The hard part isn’t the math
Implementing on-device psychometric scoring is straightforward. The hard part is making the system extensible without making it programmable. A .survey file that contains arbitrary code is a malware vector. A .survey file that contains only data — questions, weights, ontology references — is inert.
That’s why formulas are weight vectors, not expressions. A weight vector can be validated: is it the right length? Are the values in a reasonable range? It can’t execute code, access the filesystem, or phone home. The most a malicious weight vector can do is produce wrong personality scores, which is what most online quizzes do anyway.
The ontology layer provides a second guardrail. Even if someone crafts a survey with adversarial weight vectors designed to always classify users as a particular type, the ontology’s disjointness axioms and degree calculations will produce suspicious results — degrees clustered at 0.0 or 1.0, dimensions that don’t vary across users. These patterns are detectable.
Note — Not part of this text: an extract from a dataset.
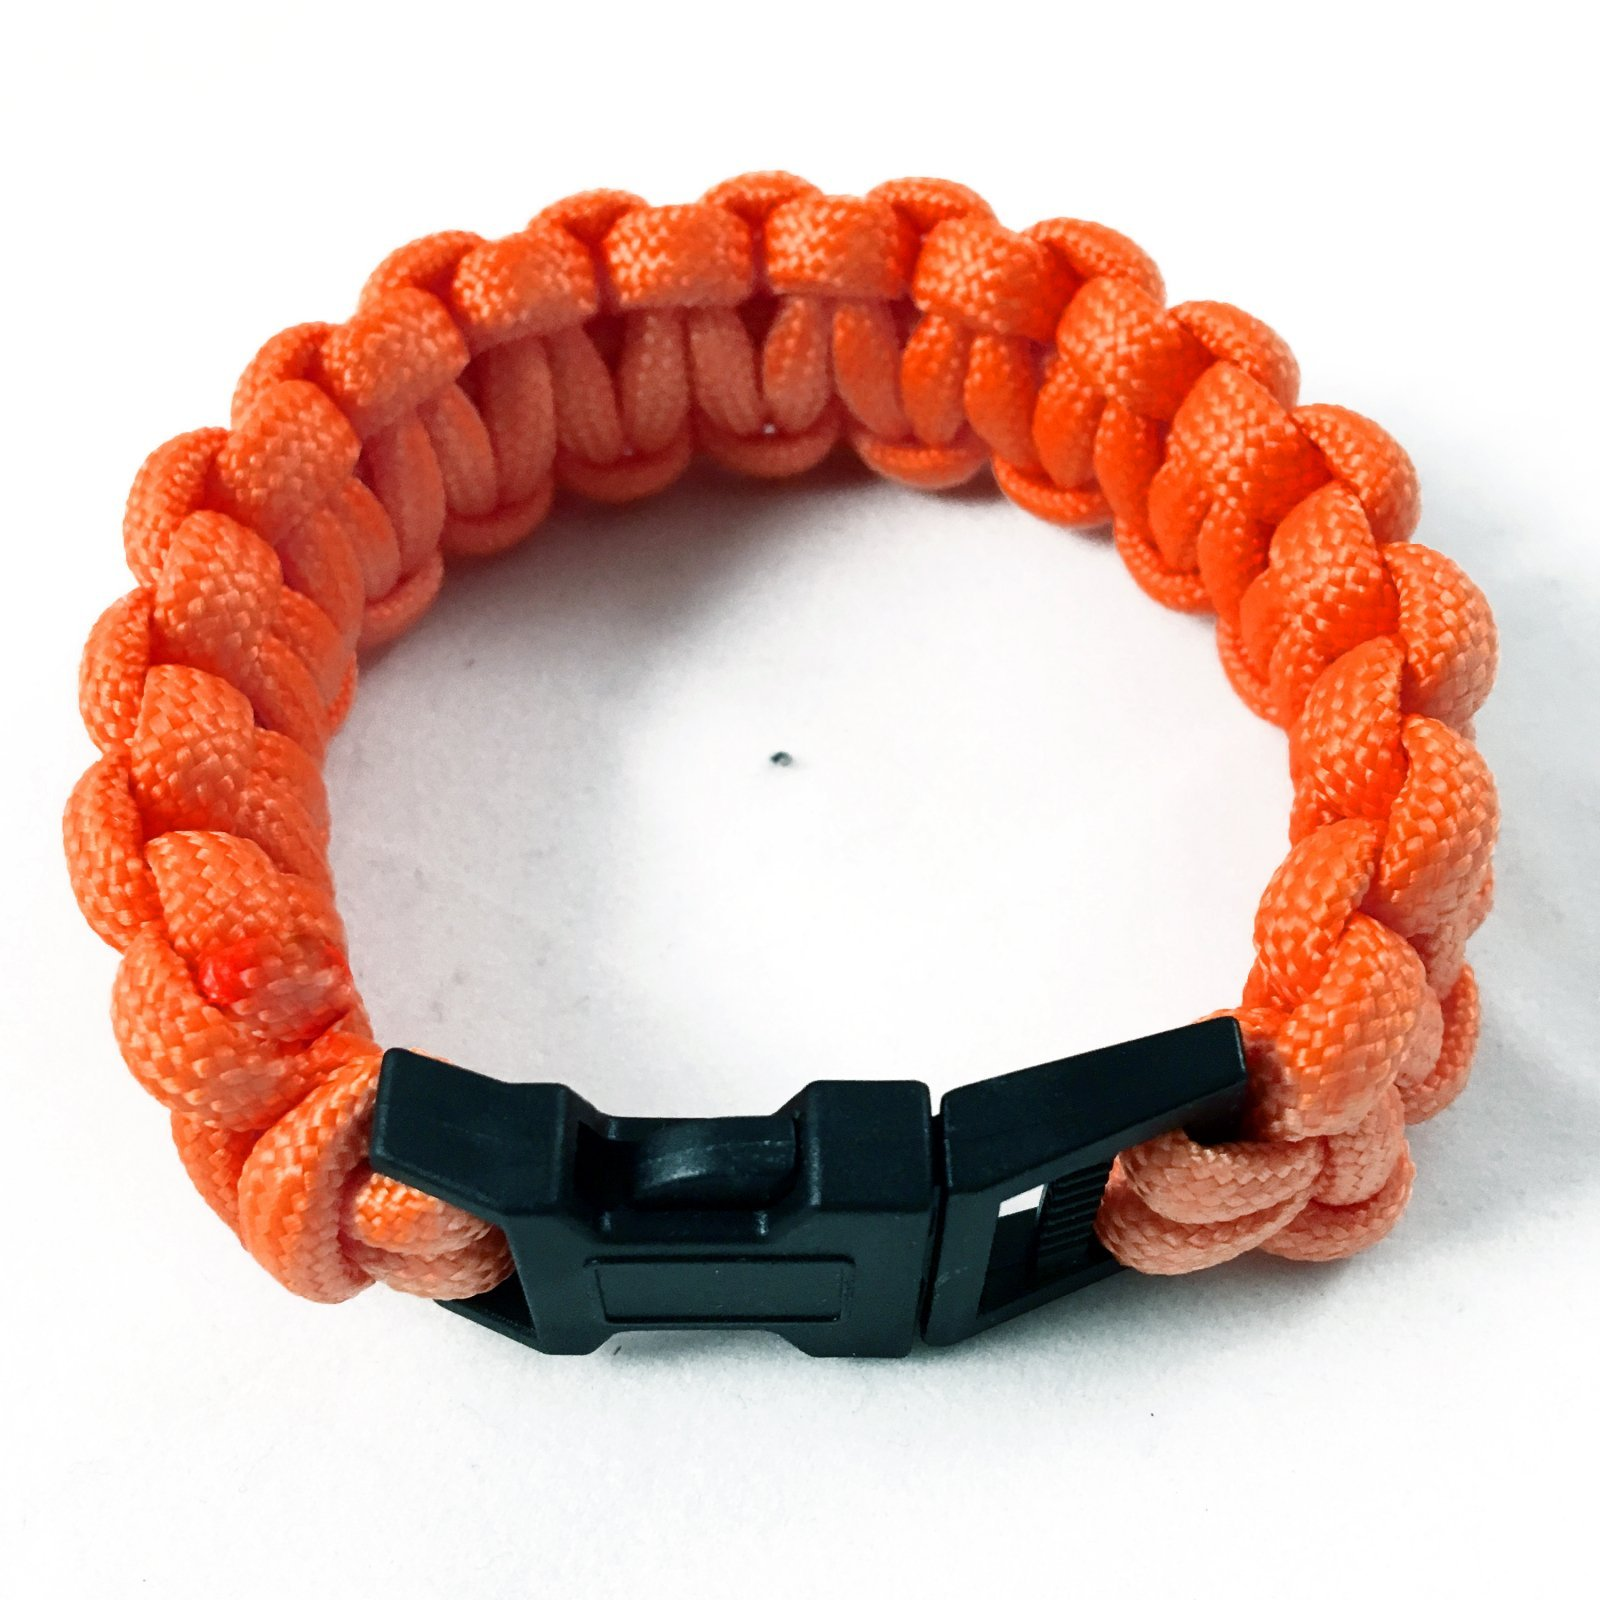 ASR Outdoor - Paracord Bracelet - Orange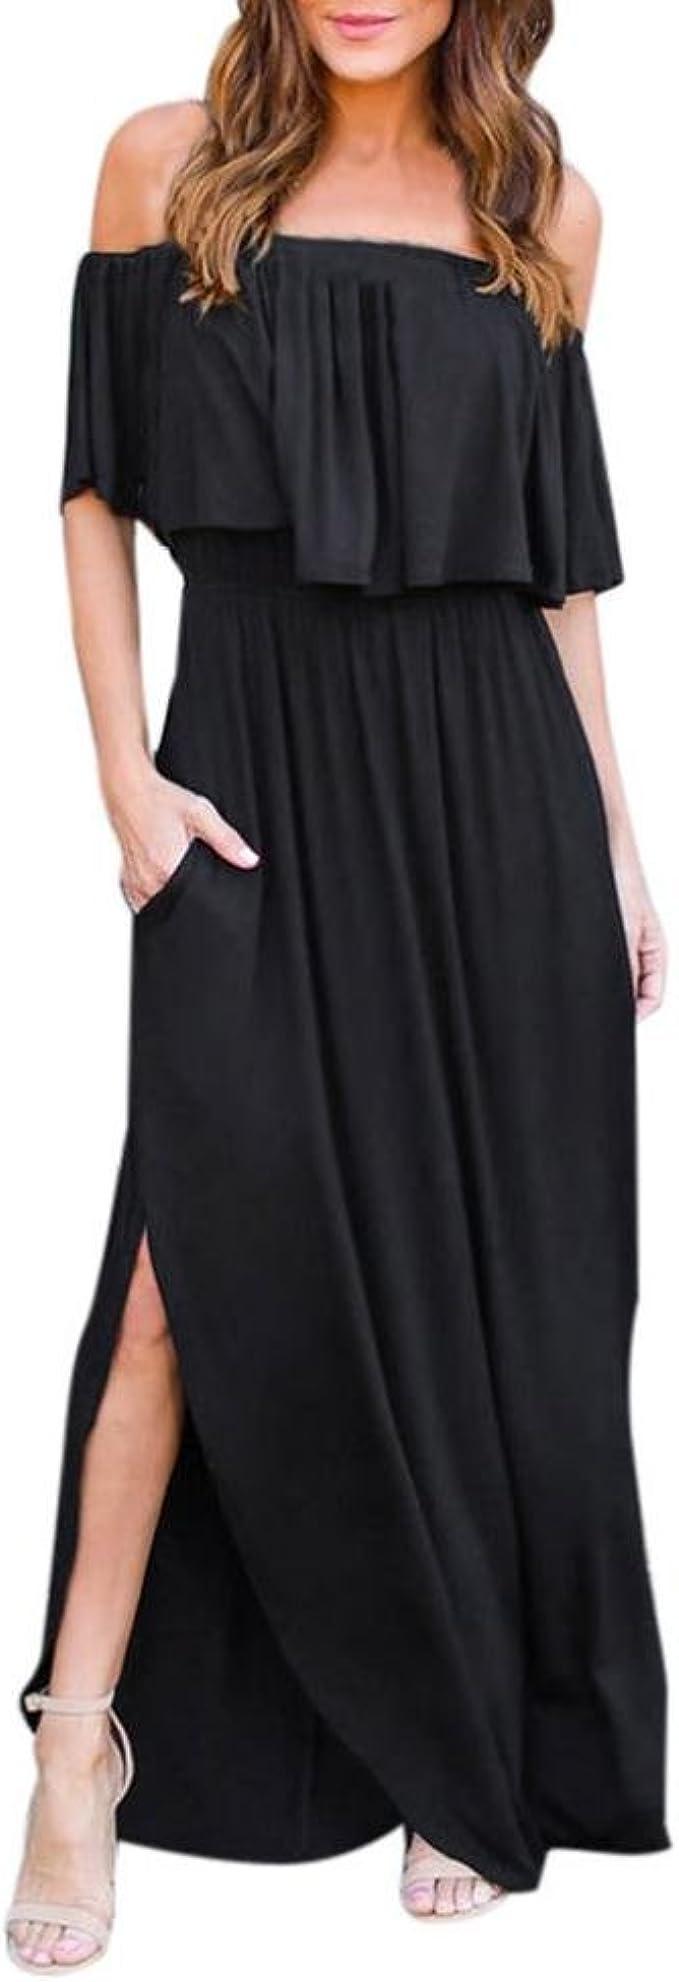 Longra Sommerkleider Damen Vintage Boho Maxikleid Off-Shoulder

Why this matters beyond personality quizzes
Personality surveys are our starting point, not our destination. The same architecture supports:
- Mental health screenings (PHQ-9, GAD-7) where privacy isn’t a feature but a clinical requirement
- Learning style assessments that help study groups form without a platform profiling students
- Team compatibility surveys shared within encrypted group channels — your employer sees the team dynamics report, not your individual answers
- Research instruments where participants can contribute aggregate statistics (ontology classifications) to a study without exposing raw responses
In each case, the principle is the same: compute locally, reason locally, share only the conclusions you choose, encrypted to the people you choose.
The phone in your pocket has more compute power than the machines that originally scored these instruments. There is no technical reason your personality profile needs to exist on someone else’s server. The only reason it does is because the business model requires it.
We’d rather build a different business model.
Loxation is a peer-to-peer messaging app that operates over Bluetooth mesh networks with end-to-end encryption. The survey system described here uses Rukuzu, an on-device graph database, and Dealer, a fuzzy OWL 2 EL++ reasoner — both designed to run where your data lives: on your device.